Dr Andrea Peddingtion, in her presentation at TEDxPeterborough, speaks on the subject of self-love. She explains her struggles for achieving this mental state. Demonstrating to her audience how society brands individuals, Dr Peddington presents the challenge of openness and self-acceptance.
Listen to the MP3 Audio here: My journey to self love by Dr Andrea Pennington
Dr Andrea Pennington – Physician & Author
Could you look yourself in the mirror and say: I love you, me?
A few years ago, I couldn’t. Saying those four words would have been really difficult. I did not love myself, and I didn’t see what could possibly be lovable about me.
Well, I’ve come a long way since then. And now not only will I say those words, but I will also sing them for you as well.
Today I’ll share a bit of my healing journey from self-hatred, to real self-love. It’s the true story of how music saved my life and set me free from several diagnoses, including depression.
I was born in Nevada, and when I was three years old, my parents got divorced. My mother then moved our family to Denver, Colorado so she could finish medical school. When she got into private practice, I was shuffled between school and the babysitter and my older sister.
When it was the weekends, I begged my mom to go to the hospital with her. So while she did her patient rounds, I would hang out in the gift shop. And I was always very quiet and well behaved, mainly because at home, my mother repeated often, ‘children are to be seen, not heard,’ just as she was told when she grew up.
Now the conversations on the phone with my father were mainly about how I was doing in school. He came from the generation that believed that with an education, you could get a good job, a pension, and a secure future.

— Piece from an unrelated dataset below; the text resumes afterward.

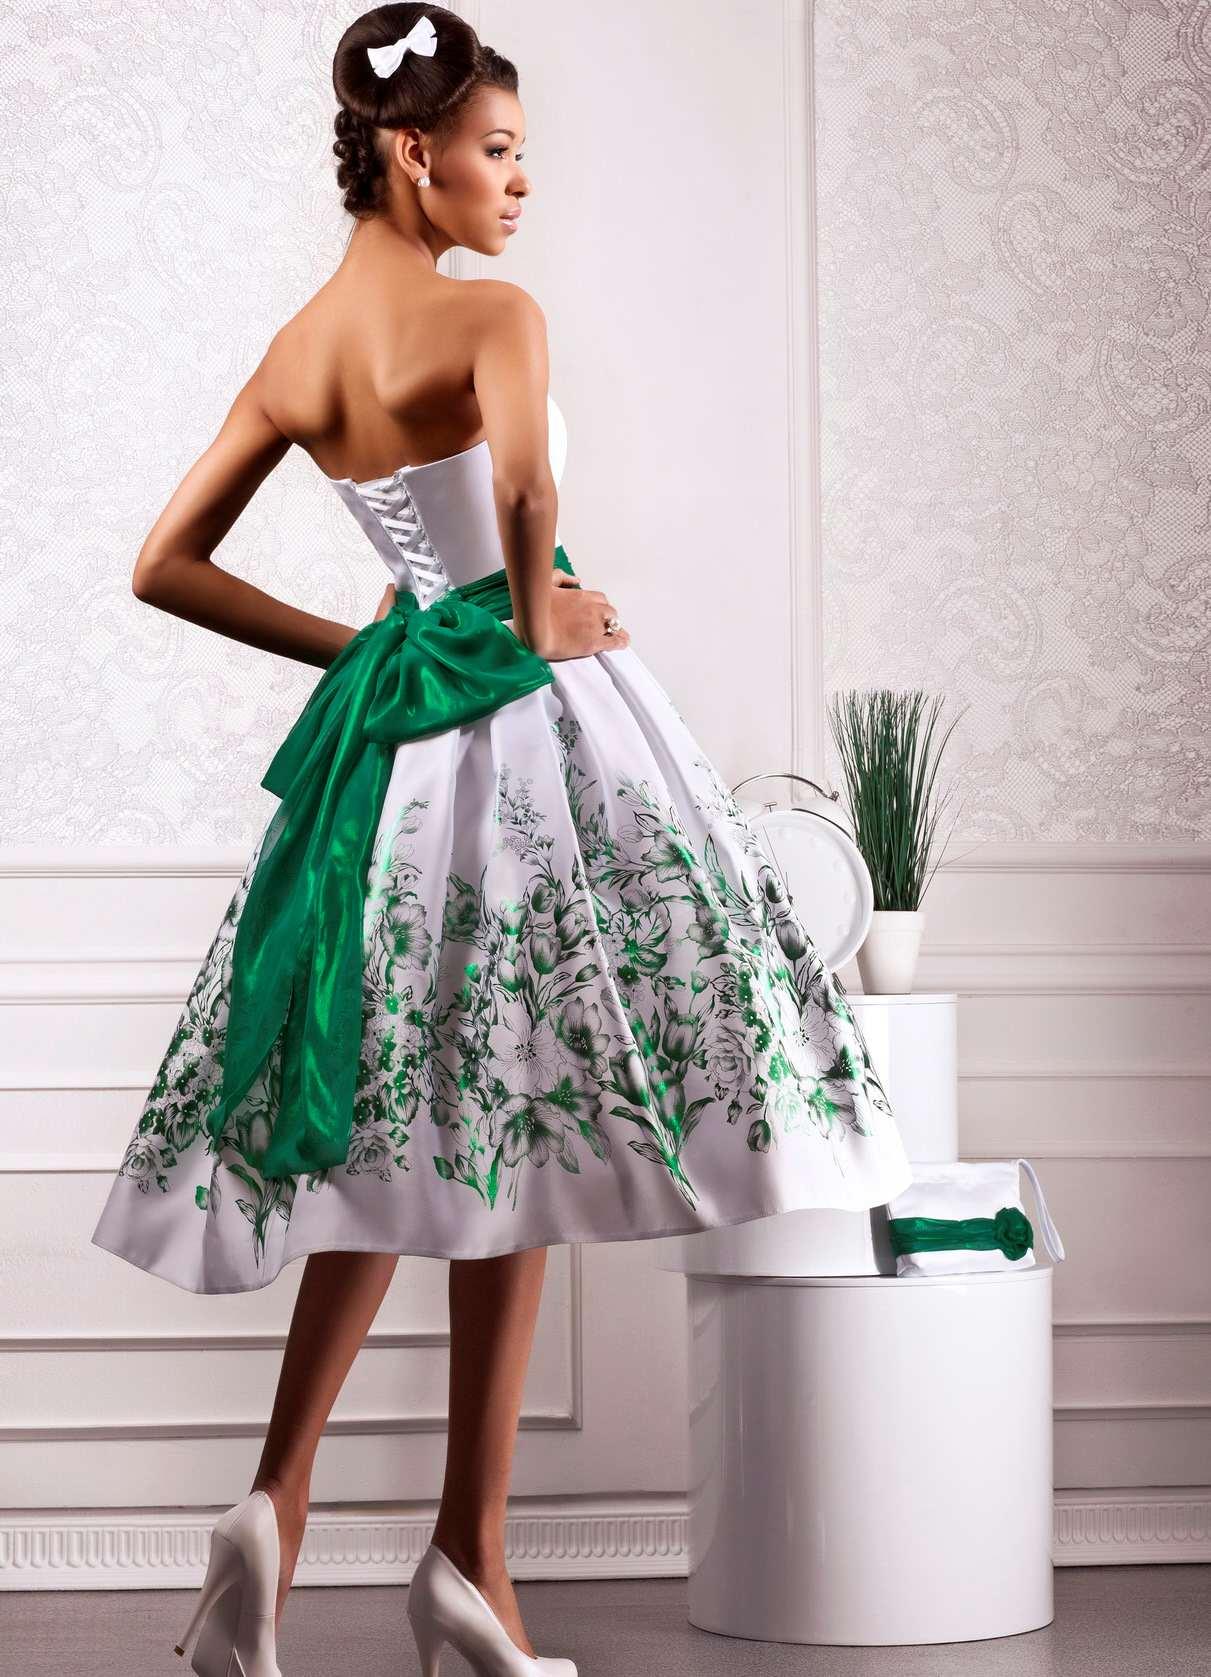 Девушки в прозрачных платьях и юбках

So when he found out that I was performing in a music recital, or a school play, I often heard the tone of disapproval in his voice. He told me I needed to focus on my grades. Successful musicians and actors are just one in a million.
My dad grew up in Tennessee. It’s one of the United States known for country music. And many people travel there to look for fame, but very few people find it.
Now my dad is actually an excellent guitar and banjo player, and he excels in photography. So it’s really not surprising that music and creative arts are natural passions for me. But he always discouraged me from pursuing them as a career, because he had seen too many people try and fail at that.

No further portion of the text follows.